Simon: Yeah and I suppose that that question of what may come, it’s all speculation at this point which has to be recognised but Adam, just to turn to you for a sec, with so many examples from different parts around the world of what has happened...I’m in Ireland at the moment and over here all schools have shut.  As I say, it’s all speculation but I guess the question is, it’s all about being prepared for any eventuality, isn’t it?

Adam: Yeah that’s completely right.  I mean we’re seeing quite an influx of questions and queries coming in from our particular clients ranging from various markets, but a lot of them have somewhere along in their adoption, so in other words they’ve made the plan and they’re rolling this out.  It’s either accelerated their plans to obviously get the scale that they need to get it sorted, or some are going down a completely different tangent depending on resources, availability and also the digital teaching skills of staff which is something that really needs to be taken into consideration when you do something like this.
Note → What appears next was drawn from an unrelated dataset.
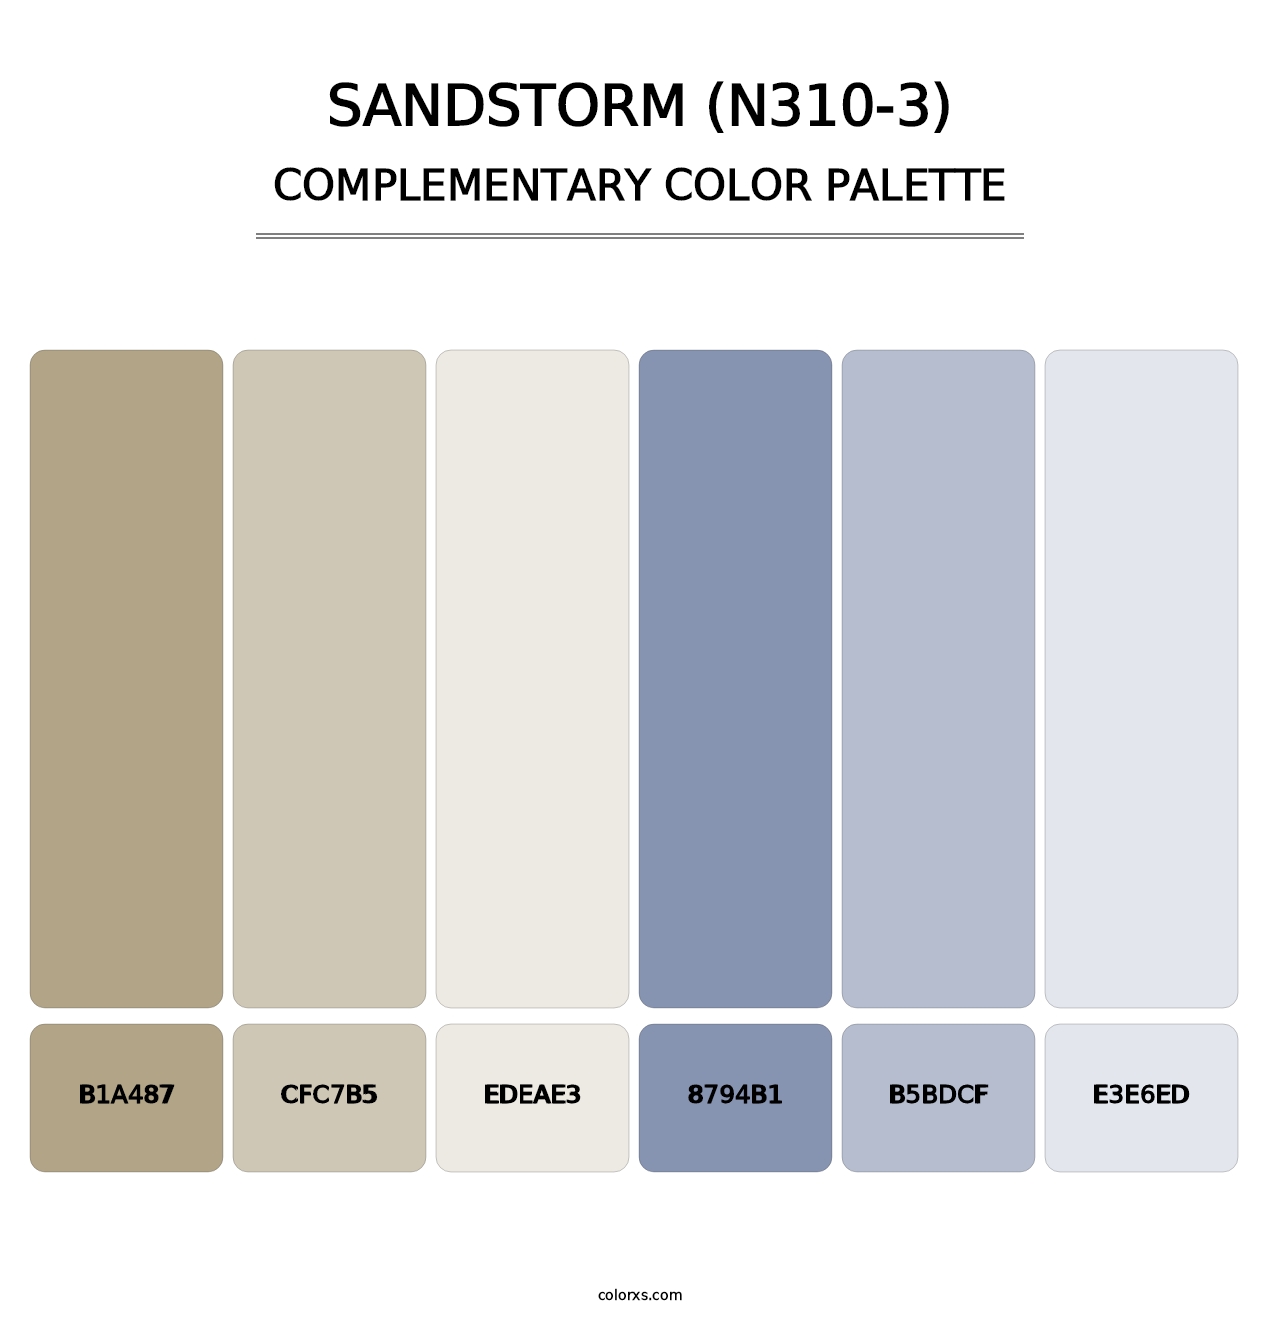 Sandstorm (N310-3) - Complementary Color Palette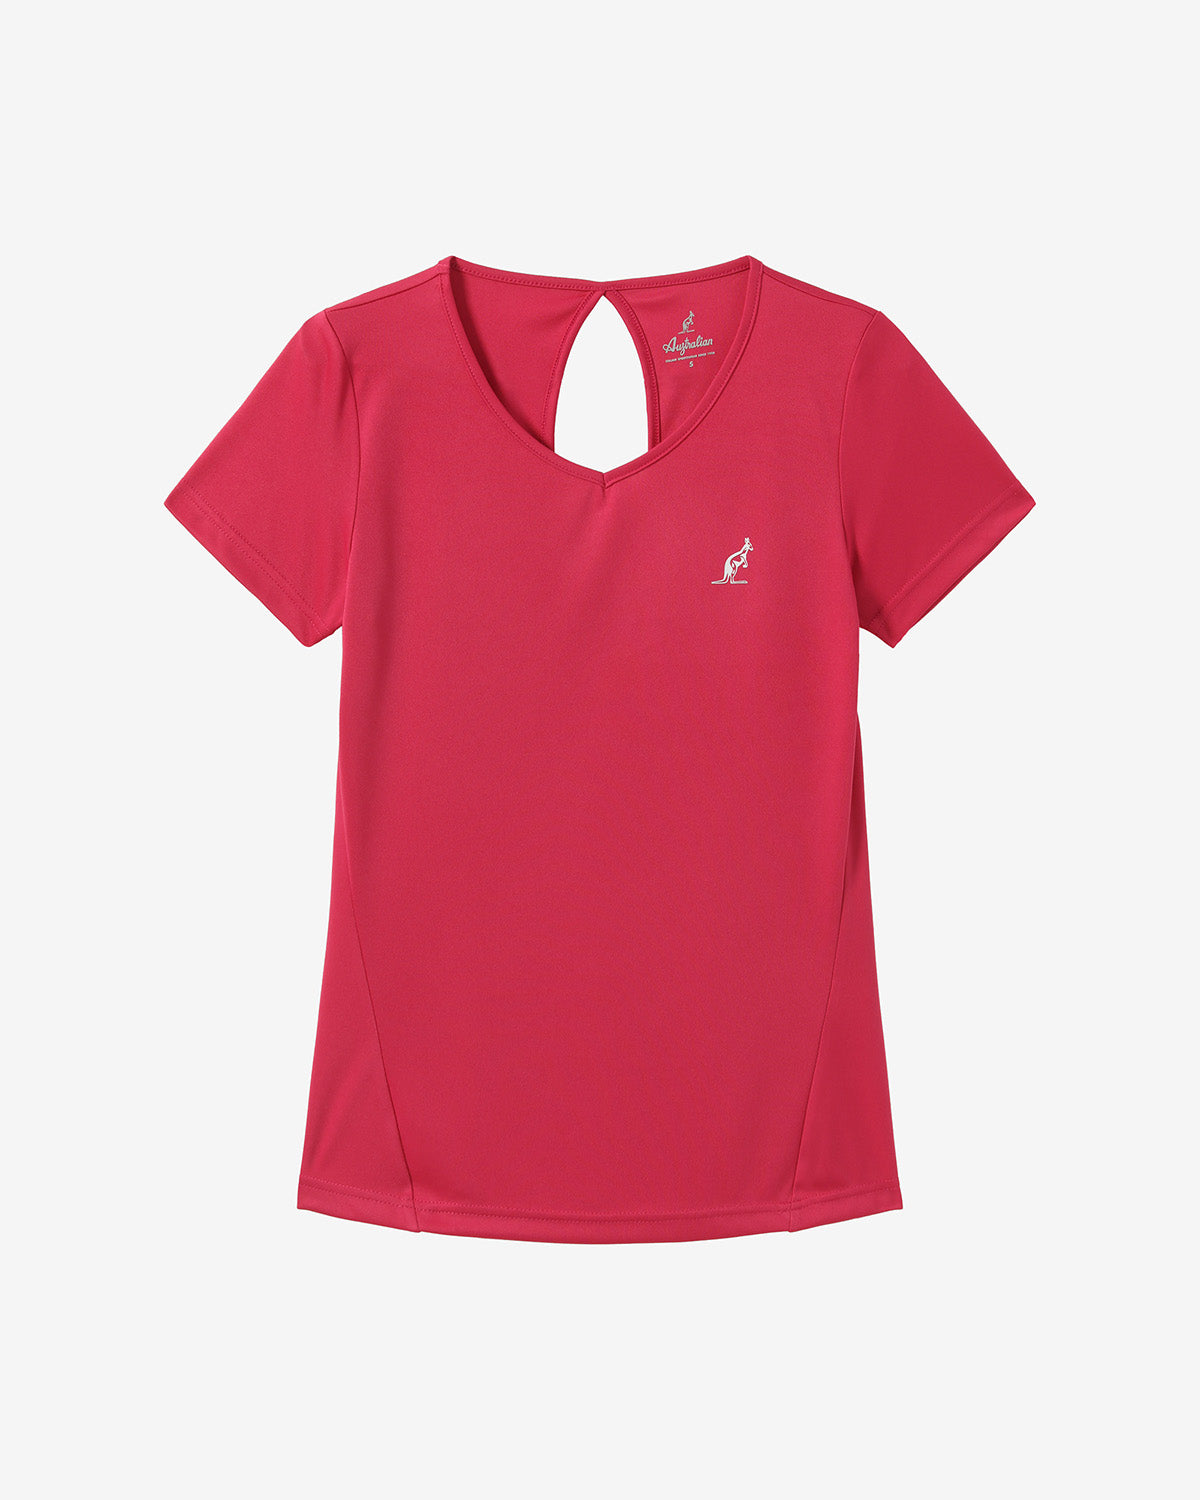 Drop T-Shirt: Australian Tennis

Simon: Yeah which leads us right into the main meat of our discussion which is online learning because it’s important.  As we’ve touched on many times on this podcast already, its important schools roll on with new resources but at a time like this it takes on an entirely new complexion and different level and type of importance.  So Su, I guess can you talk to us a little bit about that increased importance?  What does it look like now?  How important is online learning at the moment in response to this crisis?

Su: Yeah I think there’s a lot of schools who have an element of online learning, but blended into classroom mainly.  So mainly talking senior school here rather than obviously primary, I think that’s a whole different kettle of fish.  But looking at the senior school element, a lot of places have either an LMS such as Canvas or they’ve got say Google Classrooms or some aspect of a way of a structuring learning online, but they may not heavily use it.  It might just be something that they do as part of their blend into the classroom and use it sort of sporadically.  And I think what’s happening now is people are revisiting that and thinking okay, if we go into some sort of crisis management mode and we are looking to the future for delivering all of our content online at the moment.  What does that look like?  Are we prepared for that?  It is, as Adam said, a sort of massive upscaling of staff to do that quite quickly, but in terms of the importance of online learning, I think everyone is probably come to the forefront of people’s minds to see just how vital it is to have that access.  And that’s something we’ve covered in the podcast before when we’ve said it’s amazing if you can have your content available face-to-face and online, because that kid who gets glandular fever and is away all term, they are still included in the class and the curriculum.  But I think now we’re seeing that as rather than being the exception, what if that is the rule?  What does it look like if that’s the main case for schools and for students if learning is going in that direction?  Maybe for the short-term, obviously the importance has significantly increased.

Simon: I guess if we’re looking at it, as you say, now more so the rule than the exception in a moment like this, I want to kind of get your thoughts before we dive into the weirds about this as to what extent should we be viewing this as online learning as a, you know, internet classroom, so to speak.  To what extent should we be looking at that as a replacement for the classroom, trying to replicate exactly what the classroom brings, or framing it instead more as a different alternative which we need to adapt to?  Basically, and Adam I’ll turn to you for this one, to what extent is the adaptation trying to get the online learning to fit what exists in the classroom versus trying to get the classroom dynamic now change to fit the online learning?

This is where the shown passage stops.